Deoband (Uttar Pradesh), Nov 3 (Inditop.com) Terrorists and Maoists were urged Tuesday to give up arms by a mass gathering of Muslim clerics at India’s oldest Islamic seminary here, prompting Home Minister P. Chidambaram to applaud the move “as a call to duty … to all right thinking people”.
Addressing an estimated 500,000 followers, the clerics said the Muslim community, the country’s largest religious minority, would take up their cause if the terrorists and Maoists shunned violence.
“If terrorists and Maoists agree to give up violence, they are welcome to join us. I would like to assure them that we will fight for them,” said Maulana Mehmood Madni, convenor of the annual convention whose words carry a lot of weight among Muslims not just in India but even abroad.
The event was organised at the Darul Uloom at Deoband, about 150 km from New Delhi, by the Jamiat-e-Ulema-e-Hind, which counts thousands of Muslim clerics in India as members. The Jamiat is one of the most influential organisations among Sunni Muslims in South Asia.
Hailing the clerics for their bold declaration denouncing terrorism, Chidambaram said: “I regard the decree as a call to duty to not only Muslims but to all right thinking people. I would urge that more voices be raised, loudly and clearly, against terrorism and all forms of violence.”
Among the 25 resolutions passed at the convention was one reiterating the clerics’ opposition to reciting “Vande Mataram”, the national song, as well as to homosexuality and terrorism.
Supporting the 2006 fatwa, or Islamic decree, against “Vande Mataram”, the clerics said that some of its lines were “against the religious principles of Islam”.
“We cannot bow before anybody other than the Allah. It is un-Islamic,” Moulana Muizuddin of the Jamiat told Inditop. Muslim clerics issued the fatwa against the national song in 2006. They contend that “Vande Mataram” means “Mother (India), I bow to thee!”.
The gathering also demanded reservation in jobs for Muslims as well as implementation of the recommendations of the Sachar Commission, which detailed the socio-economic backwardness of Muslims in India, while seeking a new legislation to equate communal violence with terrorism.
For the first time, some Hindu religious activists also attended the convention – a first in the history of the Islamic seminary, which came up
during the British colonial era.
Renowned yoga guru Swami Ramdev sought to promote his method of keeping fit. He emphasised the need to promote communal harmony. “It is high time people realized that ‘Ishwar’ and ‘Allah’ were two names of one and the only god.”
Swami Agnivesh drew much applause when he talked about banning liquor and urged Muslims not to recite Vande Mataram.
In his speech, Chidambaram described the 1992 razing of the Babri Masjid as a manifestation of “extreme prejudice”. He emphasized that communalism was against pluralism and opposed political freedom to people.

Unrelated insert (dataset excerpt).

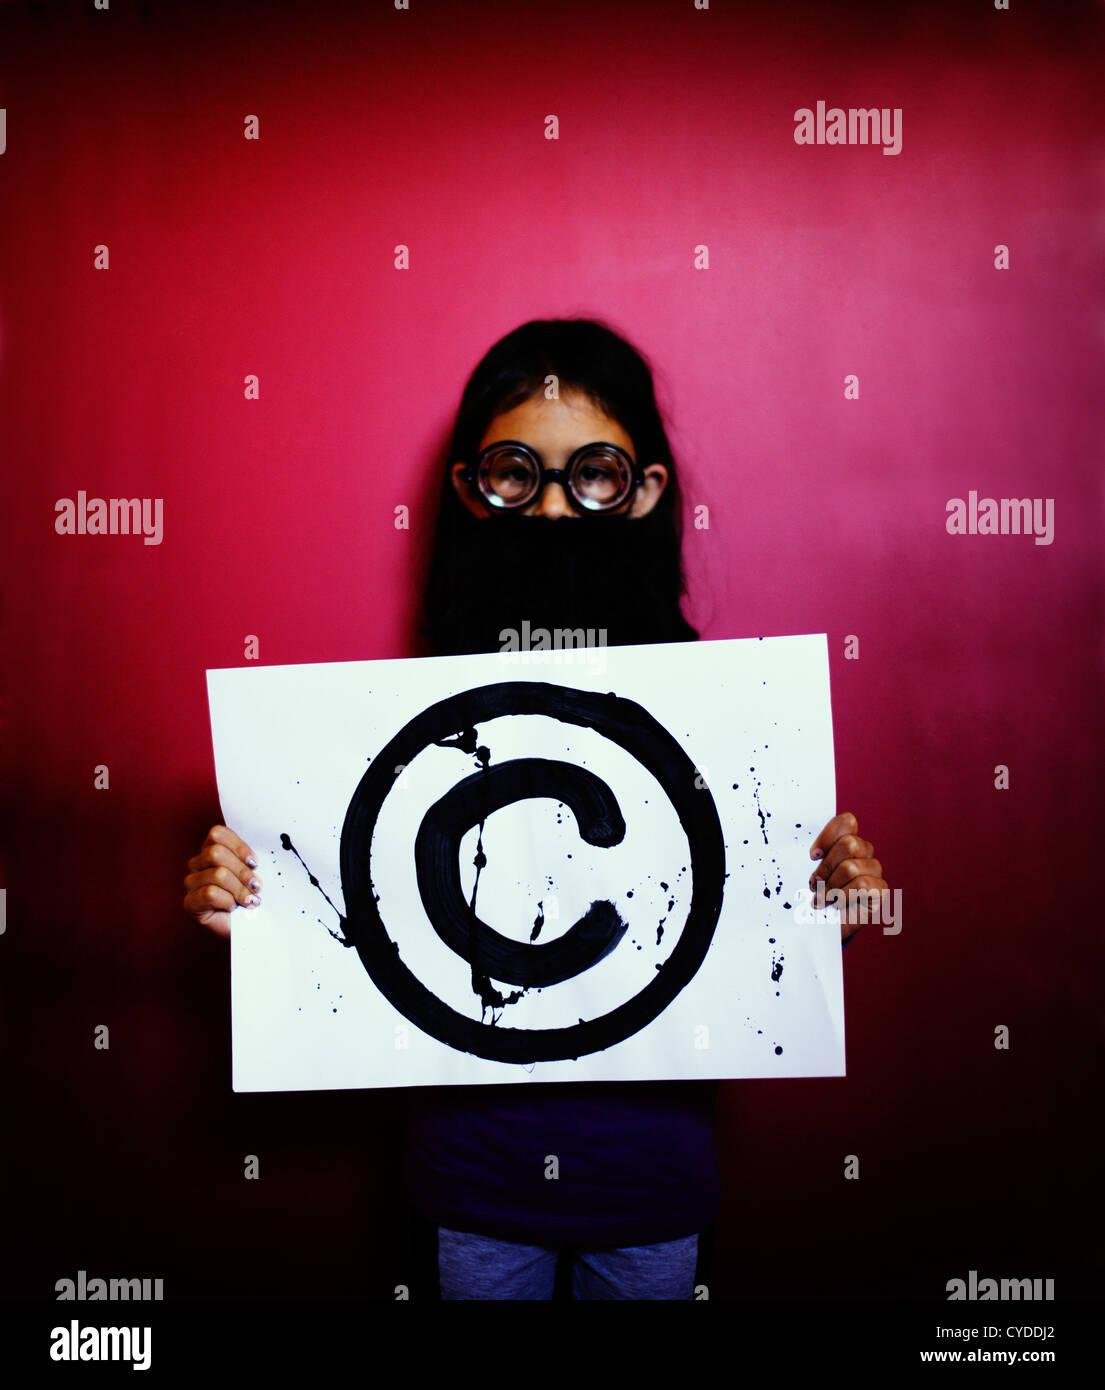 El profesor dice, 'Hands off: es Copyright'. Chica con falsa barba y gafas tiene el símbolo de copyright. Imagen De Stock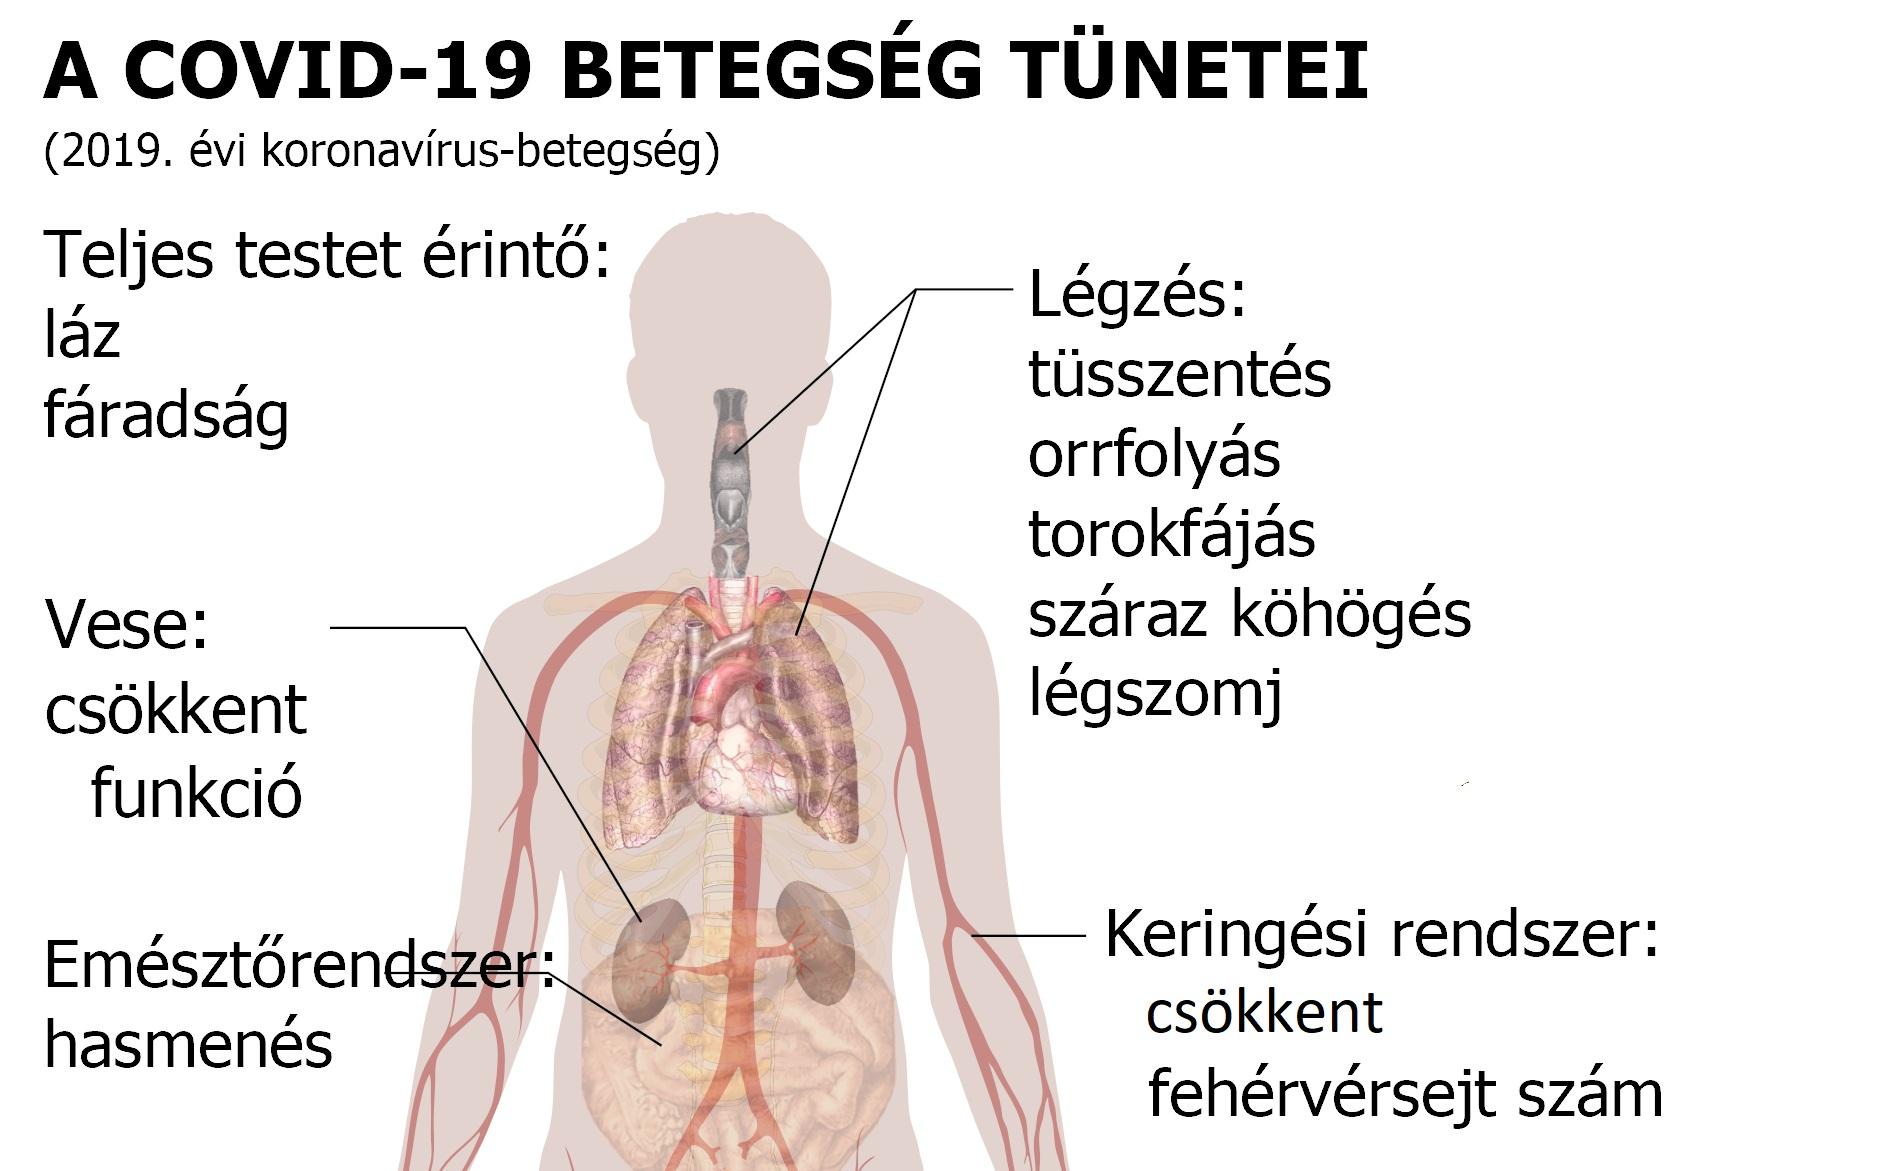 női szervek enterobiosis

“Communalism is the negation of pluralism. Communalism also opposes modernity, rejects the idea of civil society, and opposes political freedom to the people,” Chidambaram told the gathering.
“The demolition of the Babri Masjid was a manifestation of religious fanaticism and an act of extreme prejudice. Likewise, taking to the path of violence in the name of religion must also be deplored in unequivocal terms,” he said.
Chidambaram said India, home to the world’s third largest Muslim population after Indonesia and Pakistan, could not view Islam as an “alien faith”.
“Our Muslim brethren are honoured citizens of India. This is the land of your forbears; this is the land of your birth; and this is where you will live and work. It is a matter of pride for us that all major religions of the world, including Islam, exist and thrive in India.”
The minister said civil society was based on a compact and tolerance was at the core of this compact.
Minister of State for Communications Sachin Pilot, All India Muslim Personal Law Board’s senior vice president Maulana Kalbe Sadiq and social activist Swami Agnivesh also addressed the gathering.